Optimizing an MP3 encoder is far from the sophistication of such an application, but it is a first step.
jk
while it would be great to take advantage of the gpu horse power, especially in fpu intensive processing, i dont see the gpu completely replacing the processor anytime soon...i am an artist that does a lot of music and video, and it would be great to offload a lot of the processing, but when i am running word or surfing the internet i dont need my computer eating quite as many watts as playing cod4...
-c
We're past the days where we can just raise the clock speed. New programming models are necessary. Homogeneous multi-core designs (e.g. Larabee) will fall short. Heterogeneous multi-core (many different types of cores) will dominate in the future. Although the bandwidth of the PCIe 2.0 bus is very capable, the latency of this bus will be an issue. The best designs will have all the different types of cores on the same chip. So while NVidia has a great development tool with CUDA, hardware designs along the lines of AMD's Fusion may be the way of the future.
They can't do a damn thing about it if the nVidia's programming model gets adopted and becomes a de facto standard before Intel has a chance to unveil its own model with Larabee. Just like it happened with AMD64 by the time Intel wanted to implement their own 64bit instruction set, the AMD one was already supported by Windows, Linux, Unix, Solaris and many more and none of the software companies wanted to support yet another standard that is different but basically offers the same thing.

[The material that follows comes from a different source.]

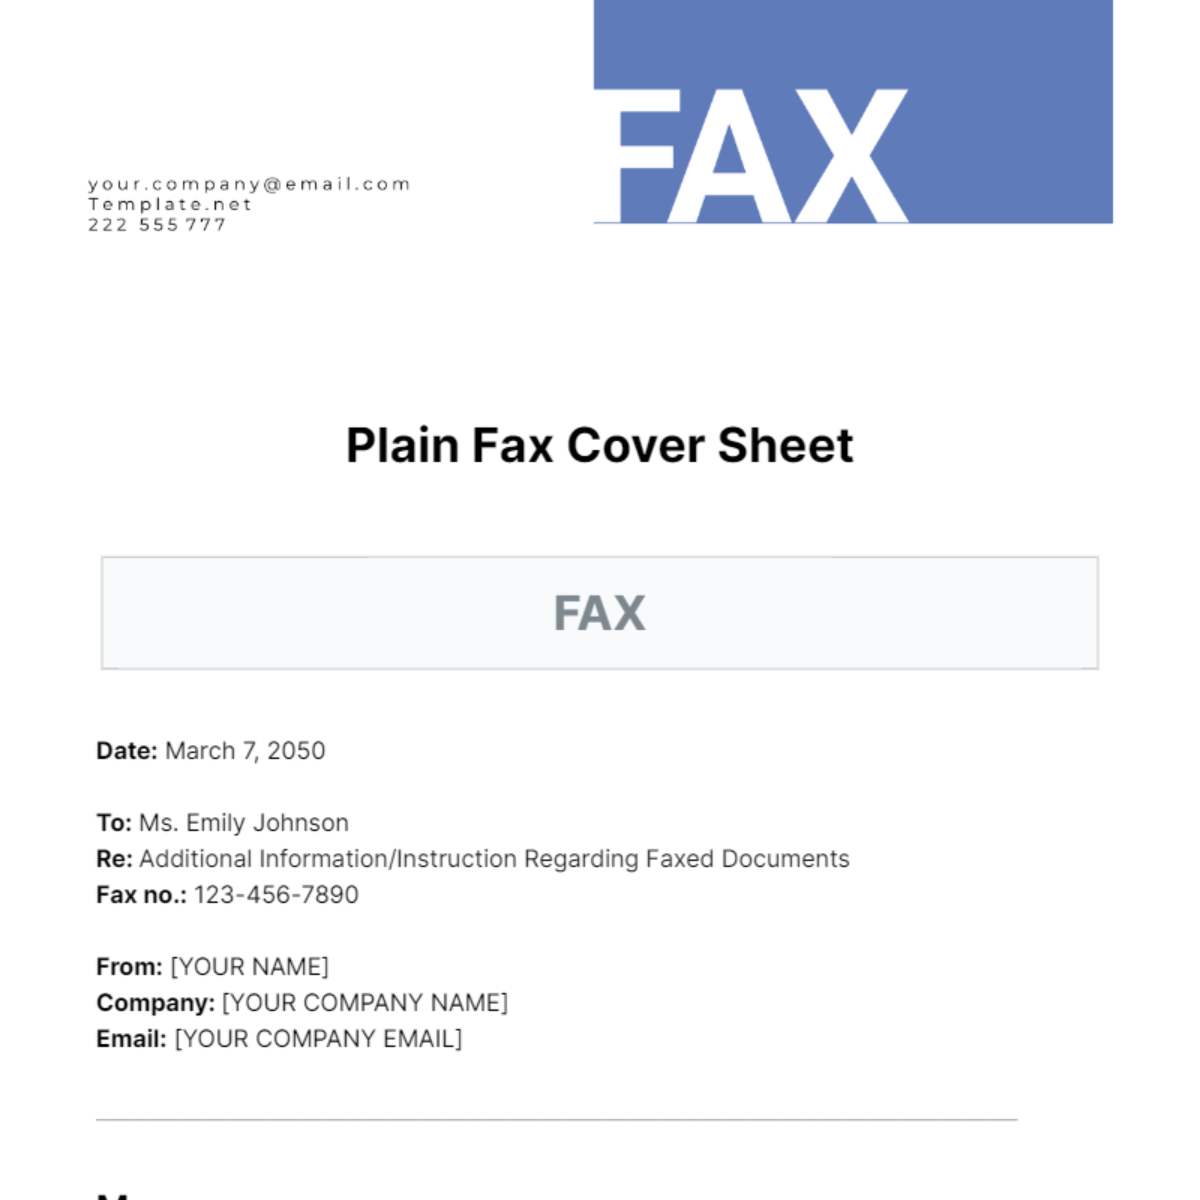 Plain Fax Cover Sheet

nVidia is wise on this, it knows that they must push GPU computing into mainstream before Intel has a chance to do it with Larabee, unfortunately to succeed in doing so they will need support from the software giants like Microsoft, Sun, Oracle, the Linux crowd and alike. I don't think that just providing a CUDA development environment will be enough, they might need OS support at the core (something which Intel will likely manage to obtain shortly after they release Larabee).

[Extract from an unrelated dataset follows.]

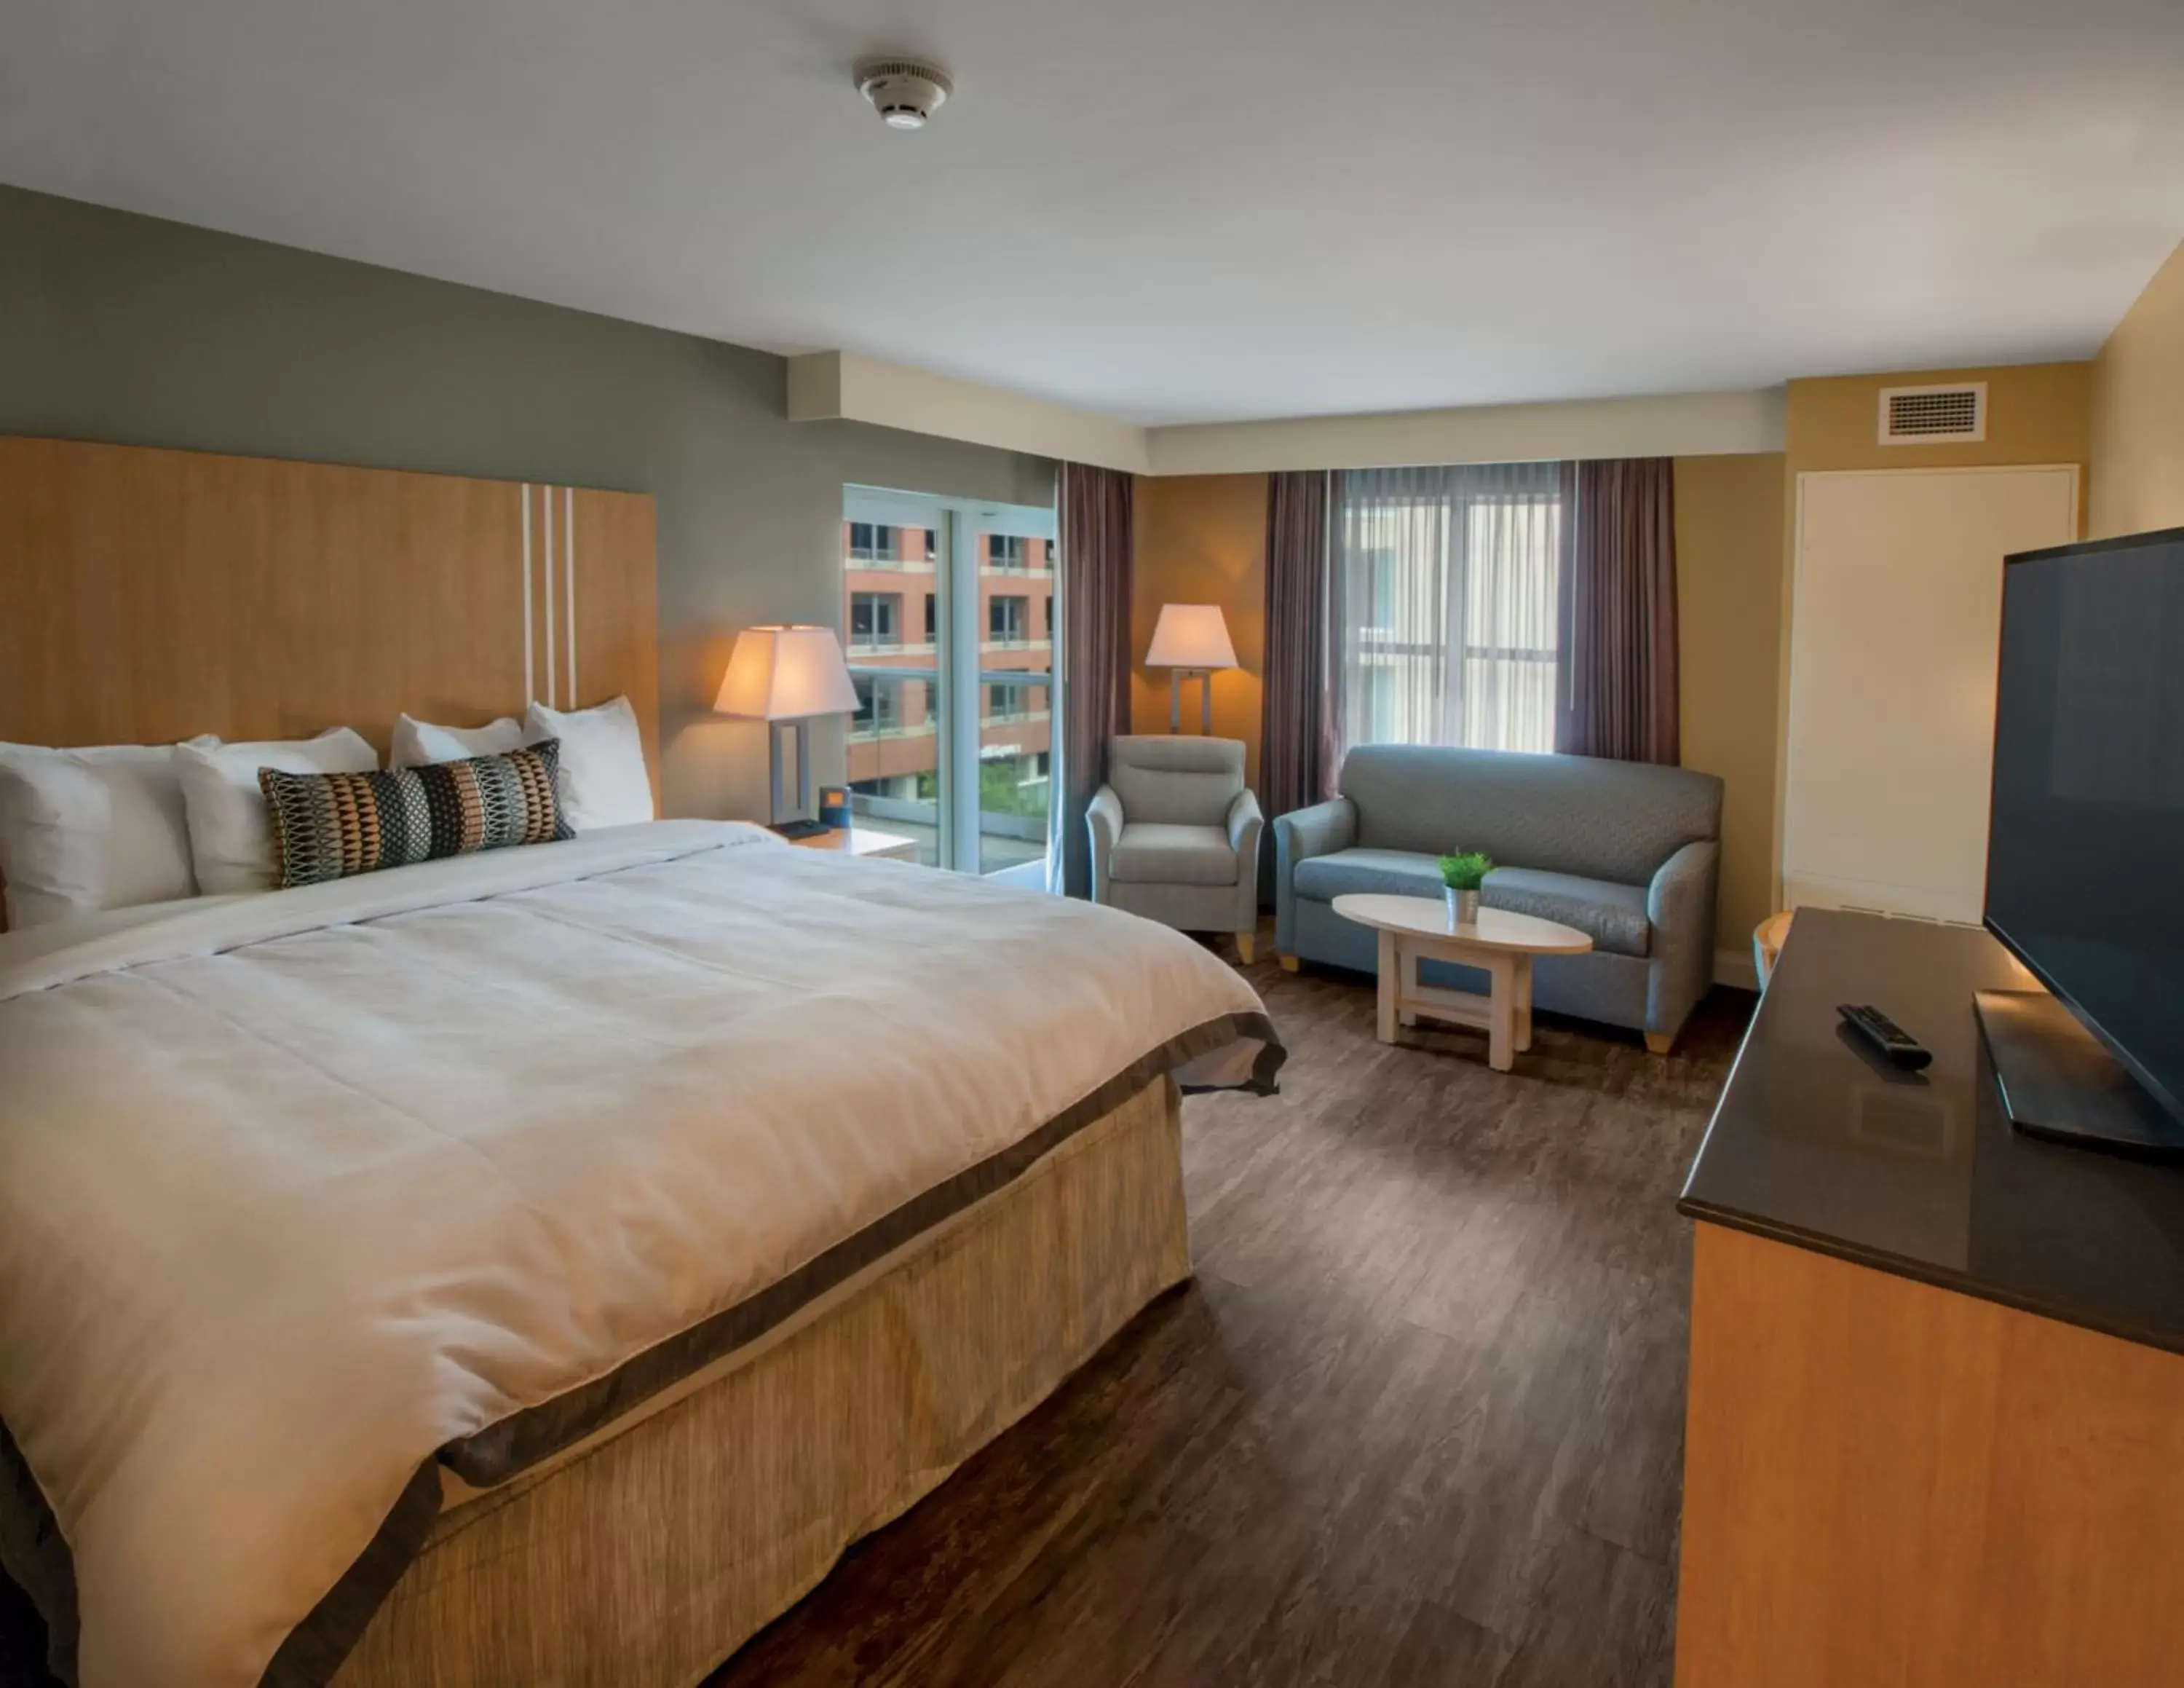 Bedroom in Hotel Ithaca

Some tasks require more number-crunching capability than those CPU's can muster, and it would take 10's or even 100's of them to even begin to match the capability of a few GPU's..imagine the power consumption not to mention the footprint.
I don't think all can and should, be ported - it's too complex and in some cases completely needless. I think you'll still have powerful CPU's just that they'll act as bridges/interfaces rather than act as the soul number-crunching device. Closest I ever saw to this 'transputer' type hardware was the Amiga range of computers, that had multi-tasking built into the hardware, and those systems were a joy to use. I'd like to see a similar thing happen on the PC, and would not mind buying a GPGPU chip (or several), to speed up my applications, but I don't think we'll see it just yet, not in mainstream use anyway. Too many conflicting interests here, most of which are of a commercial nature..